[INFORMATION SUPPLIED — start]

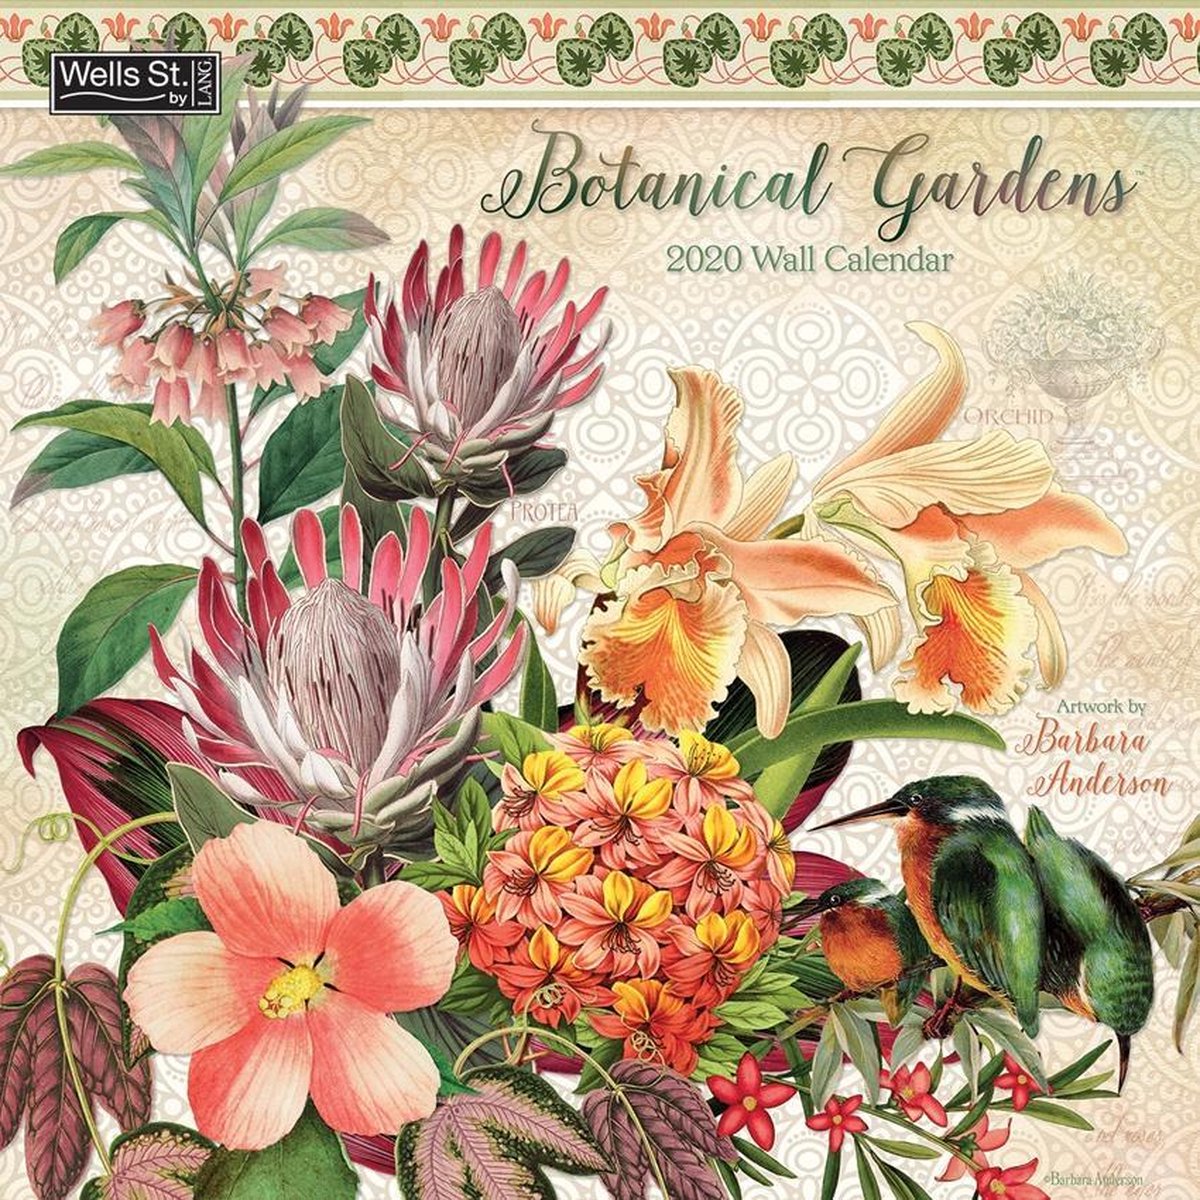 Botanical Gardens Kalender 2020 Wells St. by Lang
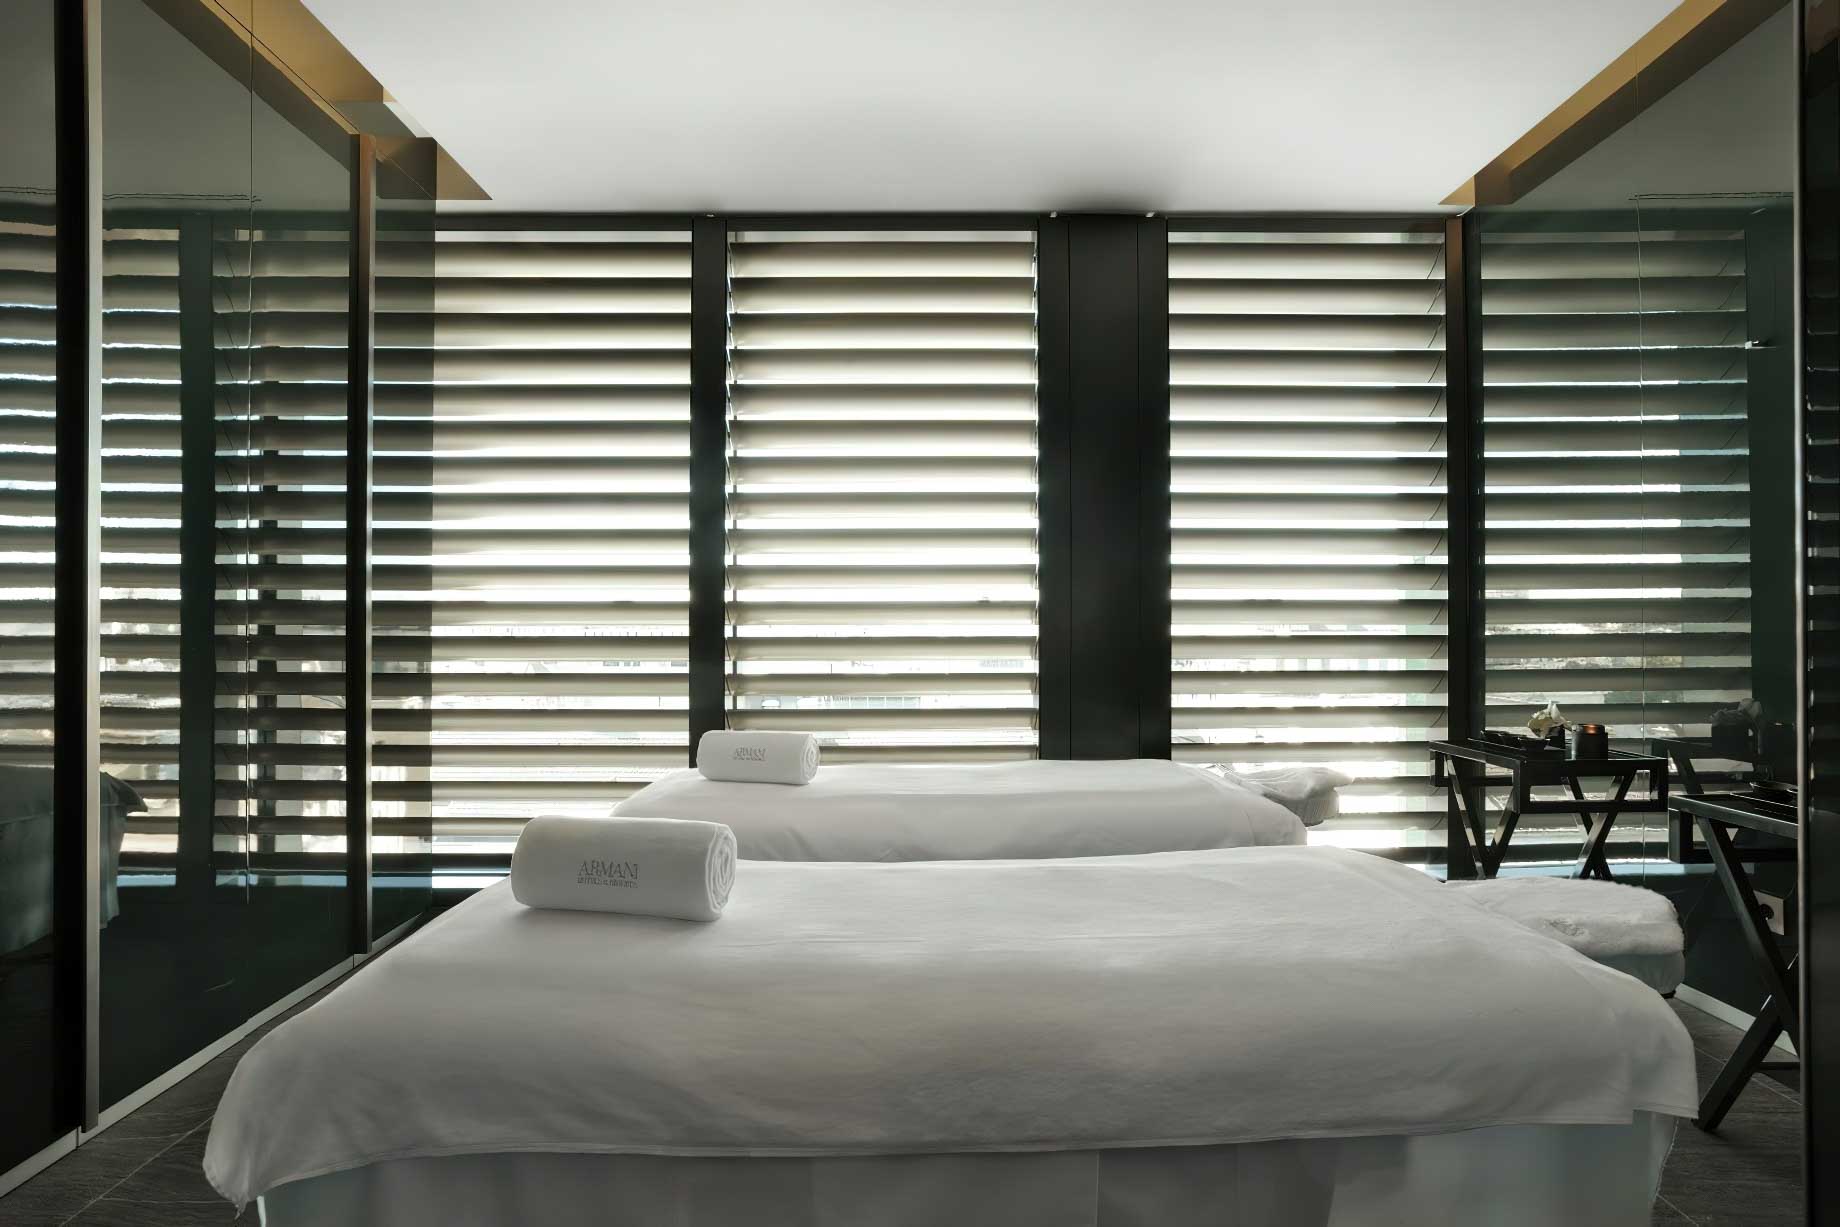 141 – Armani Hotel Milano – Milan, Italy – Armani SPA Treatment Tables
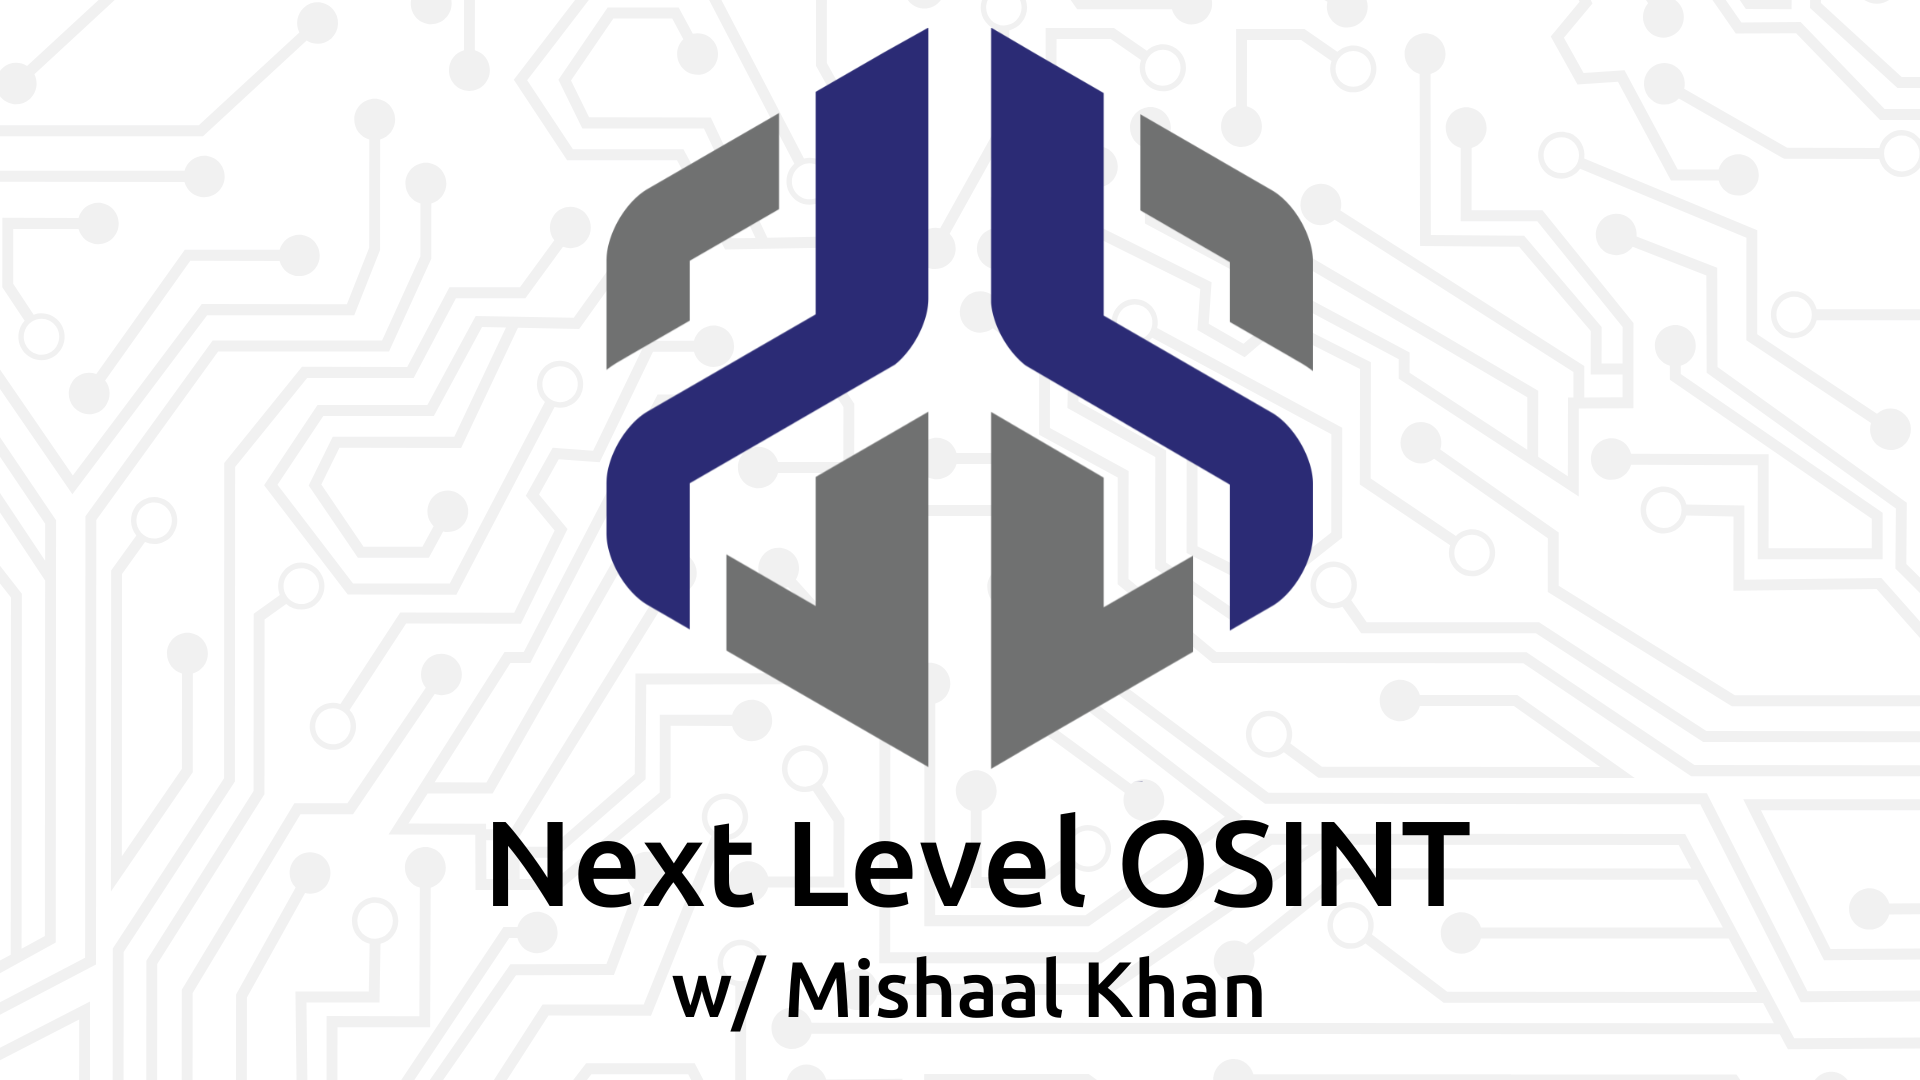 Next Level OSINT with Mishaal Khan

[INFORMATION SUPPLIED — finish]

WORK INSTRUCTION :: Once the pictures have been removed, reproduce each line of the material above exactly.

PROBLEM SOLUTION ::
 Botanical Gardens Kalender 2020 Wells St. by Lang
 141 – Armani Hotel Milano – Milan, Italy – Armani SPA Treatment Tables
 Next Level OSINT with Mishaal Khan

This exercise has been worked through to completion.